A quick google search defines inflammation as “a localized physical condition in which part of the body becomes reddened, swollen, hot, and often painful, especially as a reaction to injury or infection.”  In recent years more and more information has become available about the effects of chronic inflammation, and how it affects the body, from arthritis, to asthma, and Crohn’s disease. The Wall Street Journal even reported that chronic inflammation has been linked to heart disease, diabetes, Alzheimer’s, stroke and cancer.

Even more recently, scientists have been able to correlate depression and other mood disorders to inflammation. So, why is chronic cervical inflammation supposedly “normal?”

Simply put, because it’s so common. After giving birth, a woman’s cervix changes, it becomes damaged. The amount of damage varies from woman to woman, and also depends greatly on their labor experience. This “normal” damage leads to inflammation, a case where the body tries really hard to repair itself, but due to the extensive damage, it simply cannot fix itself. This inflammation turns chronic and leads to diseases that the scientific community as a whole has not yet recognized.

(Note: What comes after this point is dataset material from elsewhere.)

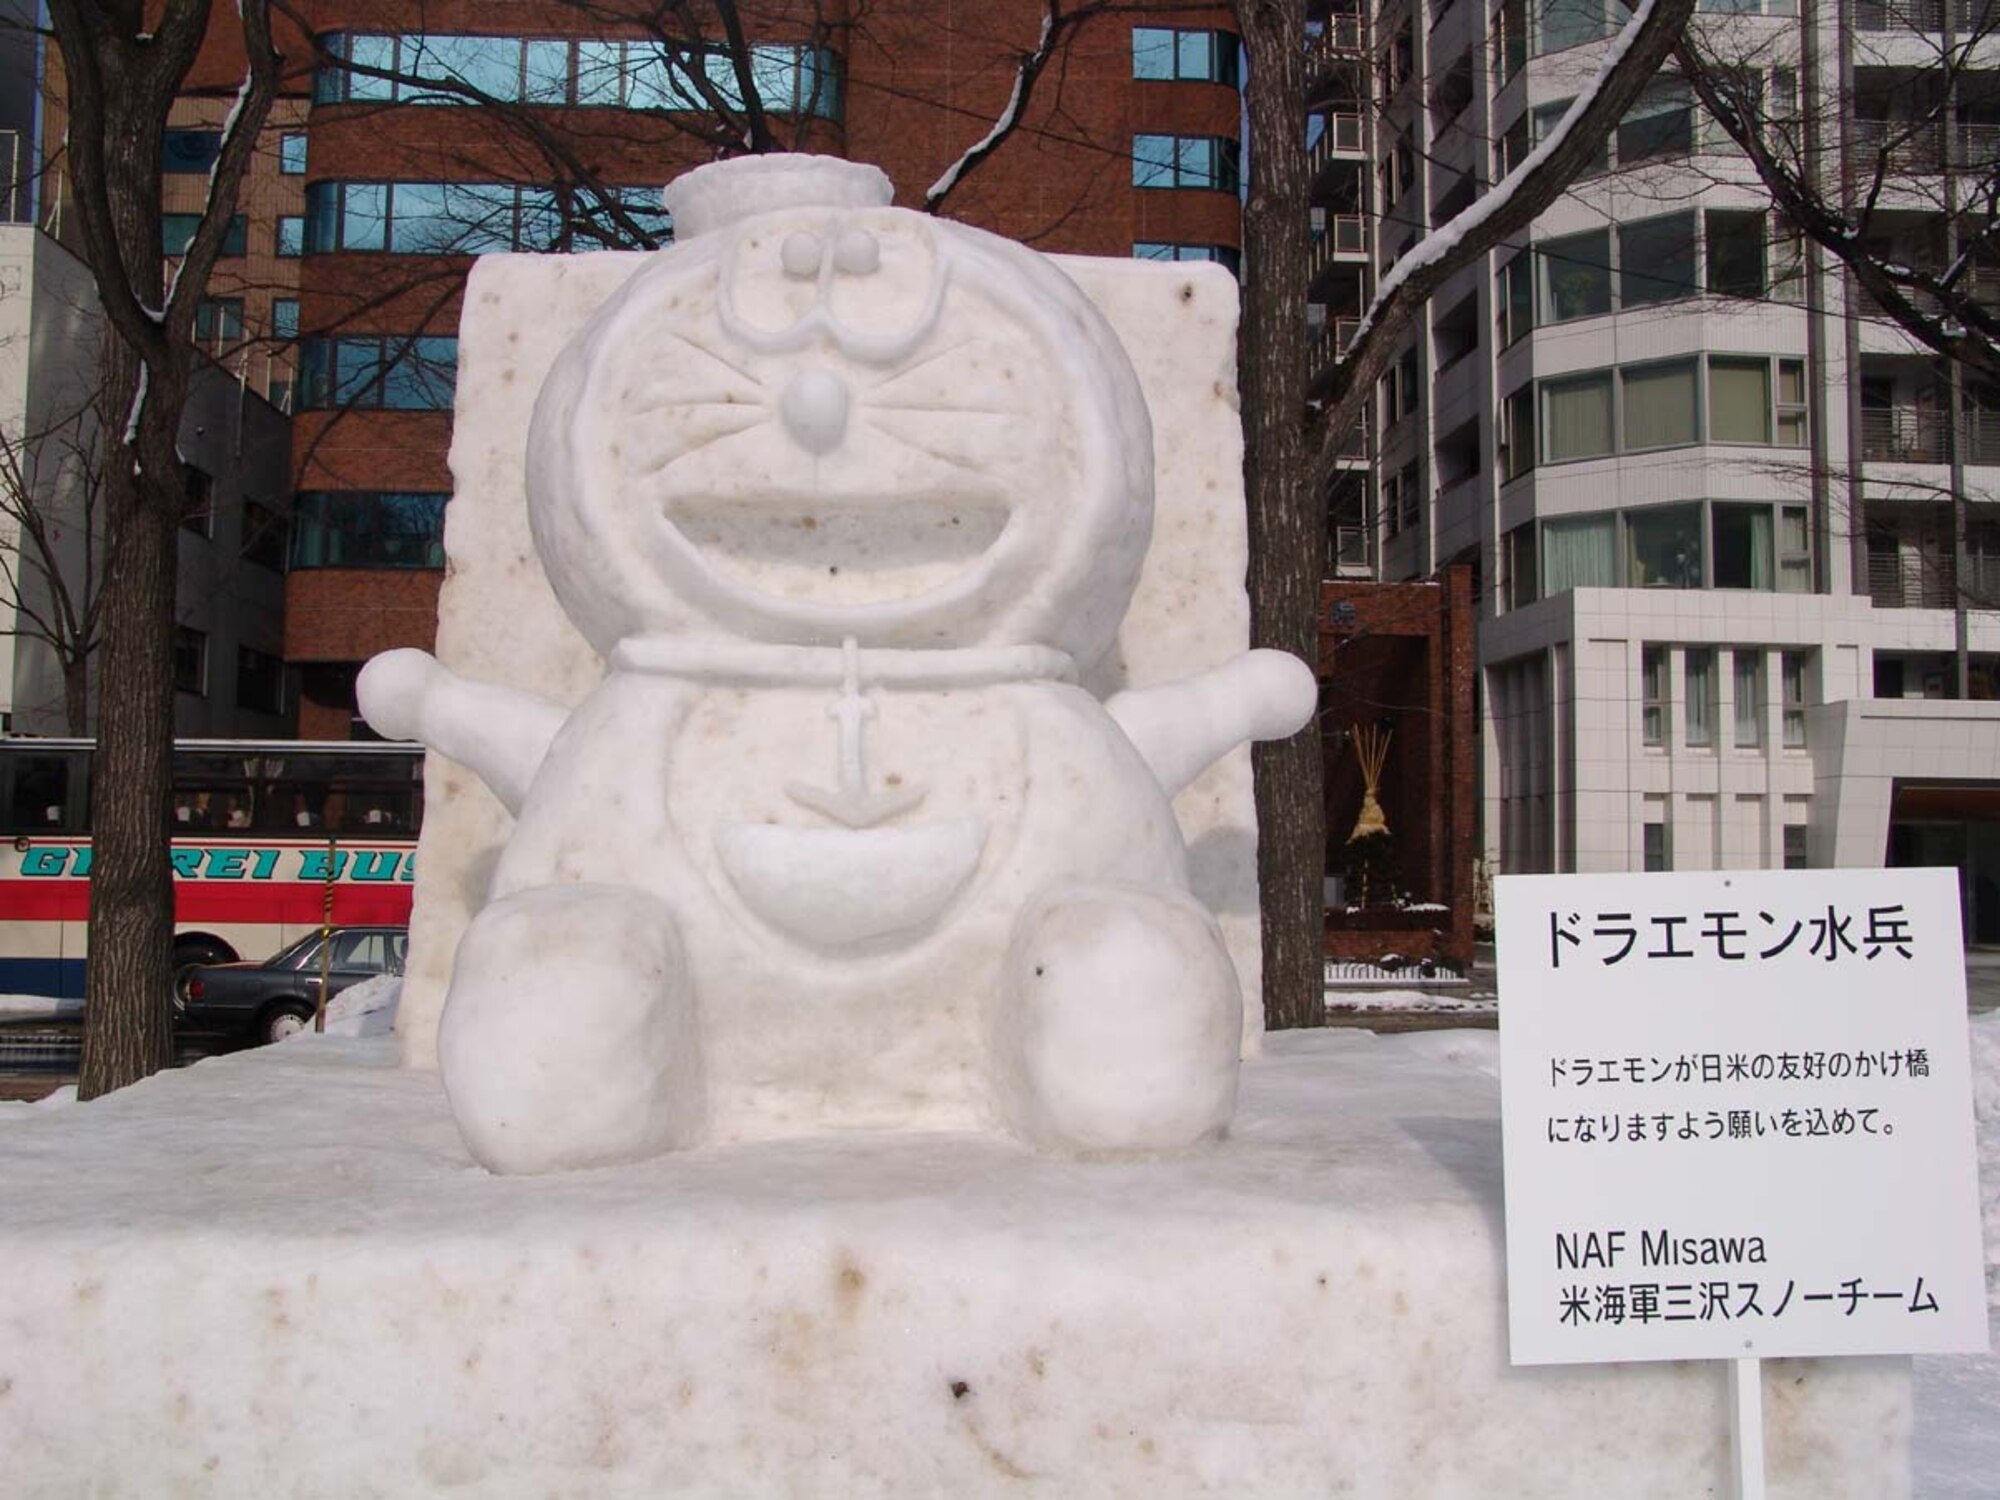 070207- SAPPORO, Japan -- Naval Air Facility Misawa snow carving team's entrance into the Sapporao Snow Festival, which was held Feb. 6-12 in Sapporo, Japan. (Courtesy photo)
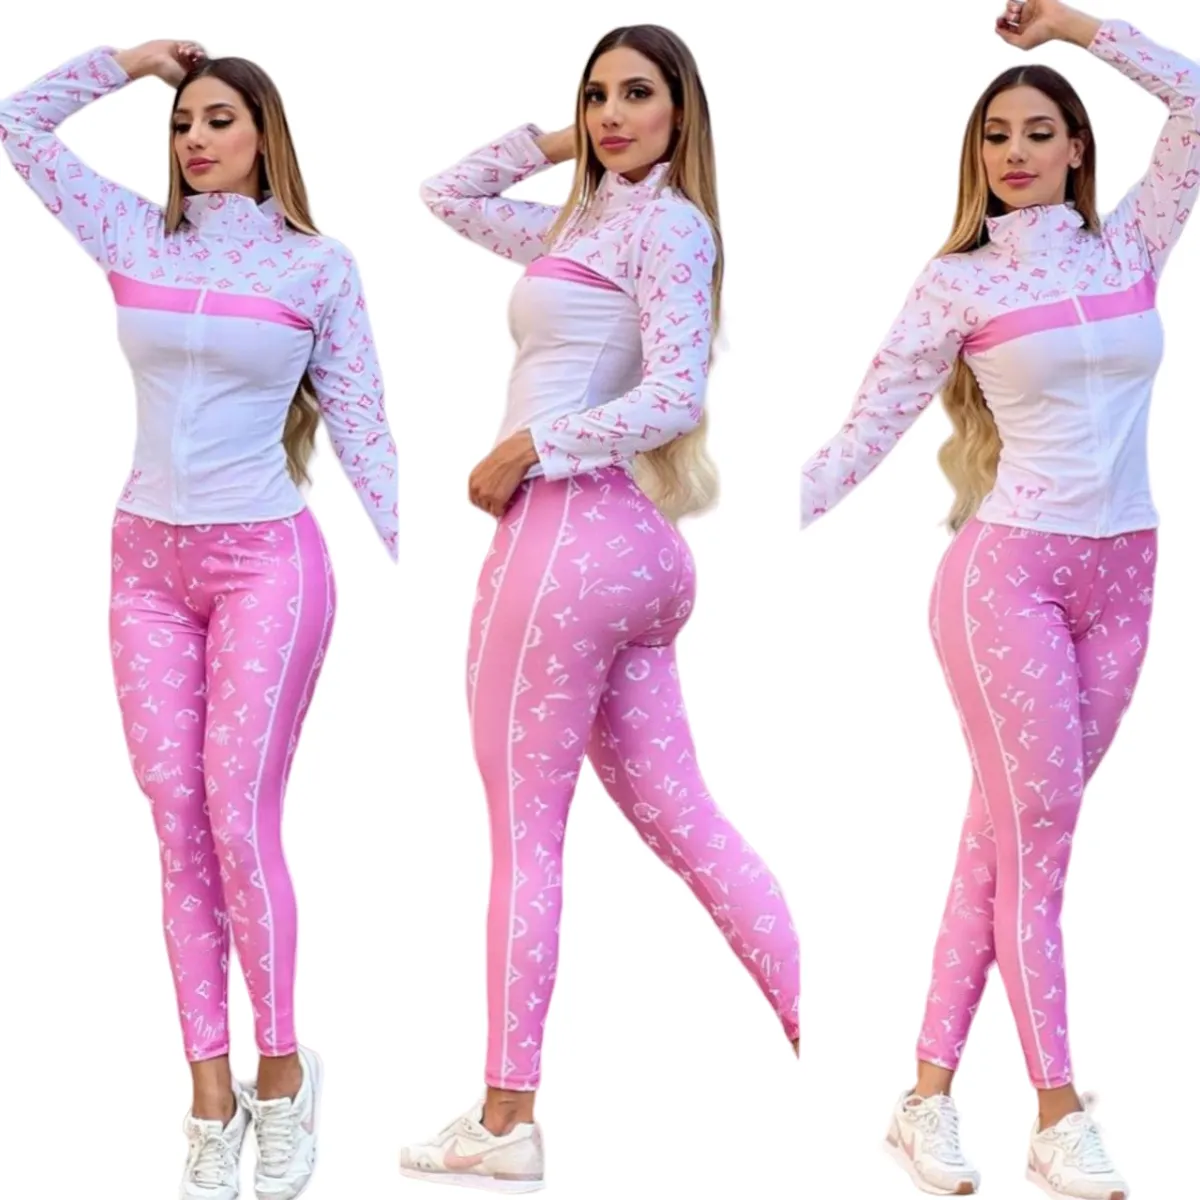 Jacket and Bottoms Two Piece Pants Outfit Women Fashion Zipper Sweatshirt and Pant Sets Free Ship

In June of this year (2015) the Open Journal of Obstetrics and Gynecology will publish an article about Dr. Lolas’ and his colleague, Dr. Juani Lafaja’s work on treating women with Chronic Cervicitis. The majority of these women suffer from severe Premenstrual Syndrome, more accurately known as Premenstrual Disphoric Disorder (PMDD.) This disorder affects women’s lives on a daily basis, and leads many to think of, and others to commit, suicide. Chronic Cervicitis should not be considered “normal” as the author of this article can attest. I, too, suffered from PMDD, but have since received treatment for Chronic Cervicitis, and can say that my PMDD is now in recession.

If you or a loved one is suffering from PMDD or any other severe menstrual issues, please share this article with your doctor.

See below for before, during and after treatment pictures of author’s own cervix.
cervix pre-treatment 1

Before treatment began, the cervix was red and inflamed. Blood vessels are clearly apparent.

cervix pre-treatment 5

Week 5 of treatment. The lower half of the cervix is pink with defined borders. The upper edge of the cervix is showing improvement.

cervix post-treatment

Cervix post-treatment. Upper and lower borders are clearly defined and entire cervix has a pink hue. Cervix no longer appears red and inflamed.